LINWOOD — Brian Lopez, a stylist at Salon Kink in Central Square, was still a cosmetology student when his mother, Kim Saparito-Austin, who works in the Absecon School District, told him there might be a way he could share his skills and help families with special-needs children.

“My mom said there were some kids in the district who were on the autism spectrum and had some bad experiences when they went to get a haircut,” said Lopez. “The lights, the hairdryers, people coming in and out of the salon caused the kids to be anxious and make something as simple as getting a haircut a very difficult event.”

So Lopez volunteered in Absecon, and that familiar face and the repetition went a long way to making the children comfortable, making a previously dreaded experience quite manageable.

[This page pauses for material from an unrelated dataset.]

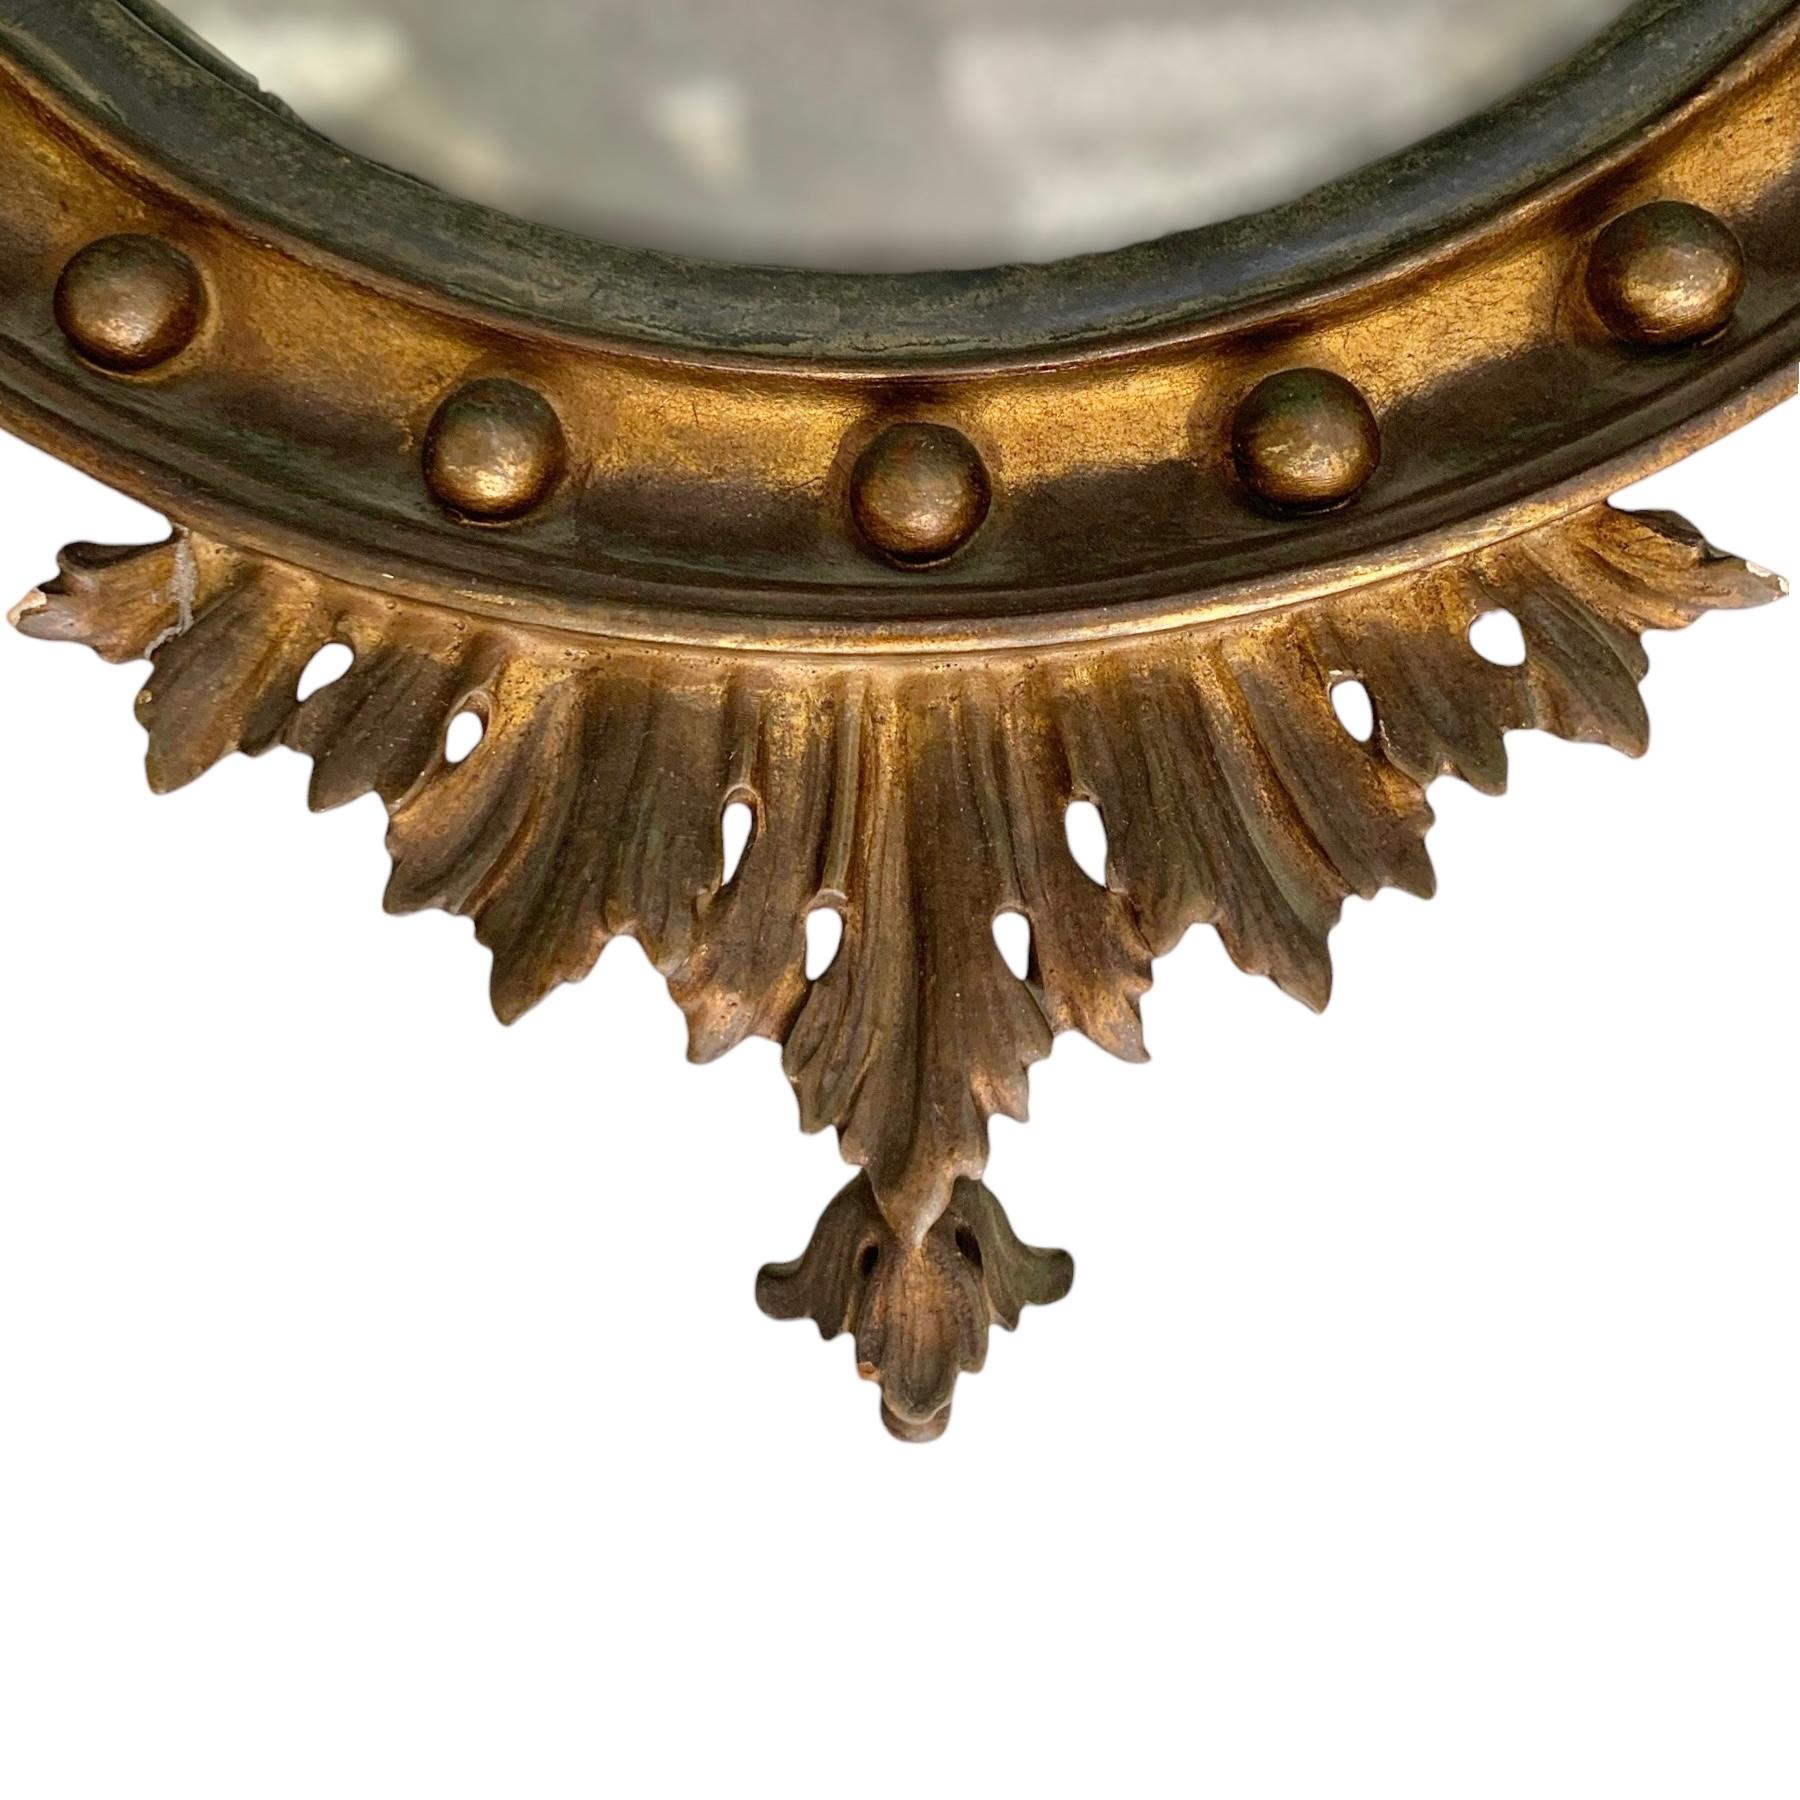 Antique Original French Neoclassical Round Gilt Wood Mirror In Good Condition For Sale In Rostock, MV

"Soon after Brian left Absecon following that first haircut, the smiles, the thank-yous, the feeling of helping others was overwhelming for him. He understood he could use his talents and kind heart to make a difference for others and was then passionate about developing a plan," said Saparito-Austin.

After getting hired at Salon Kink, several clients related to Lopez the difficulty of getting haircuts for their children and grandchildren diagnosed with autism. Wanting to help, Lopez came up with Kuts for a Cause to help special-needs children and those on the autism spectrum.

Lopez said that with the full support of the owner, Belinda Novelli, and junior stylist Sabrina Solozano, they decided to open the salon once a month on the first Tuesday, a day Salon Kink is normally closed, and book one-hour time slots for the kids so they can come in and not have the normal distractions, noise and bright lights that might cause a child on the autism spectrum to be anxious.

“I encourage parents to bring in whatever they might need to keep their son or daughter occupied while I cut their hair,” said Lopez. “The end result is that the kids are able to get a haircut without problems and without the anxiety.”

Cindy Fertsch, of Egg Harbor Township, executive director of Heart of Surfing, an organization dedicated to providing meaningful learning experiences for autistic children and their families, said speaking from firsthand experience, getting a haircut for an autistic child can seem like climbing Mt. Everest. Fertsch added she truly appreciates Lopez’s efforts.

While Lopez said the experience is different with every child, it is always rewarding. He is reaching out and encouraging other stylists to lend their talents to help families of autistic and special-needs children in their own salons.

Lopez has expanded his effort to help special needs young clients at the Anthony J. Hair Studio in Sicklerville, Camden County, on the third Monday of the month. The stylist said 100 percent of the cost of the haircut, $28, the same as it is for any youth cut, is donated the Arc of Atlantic County.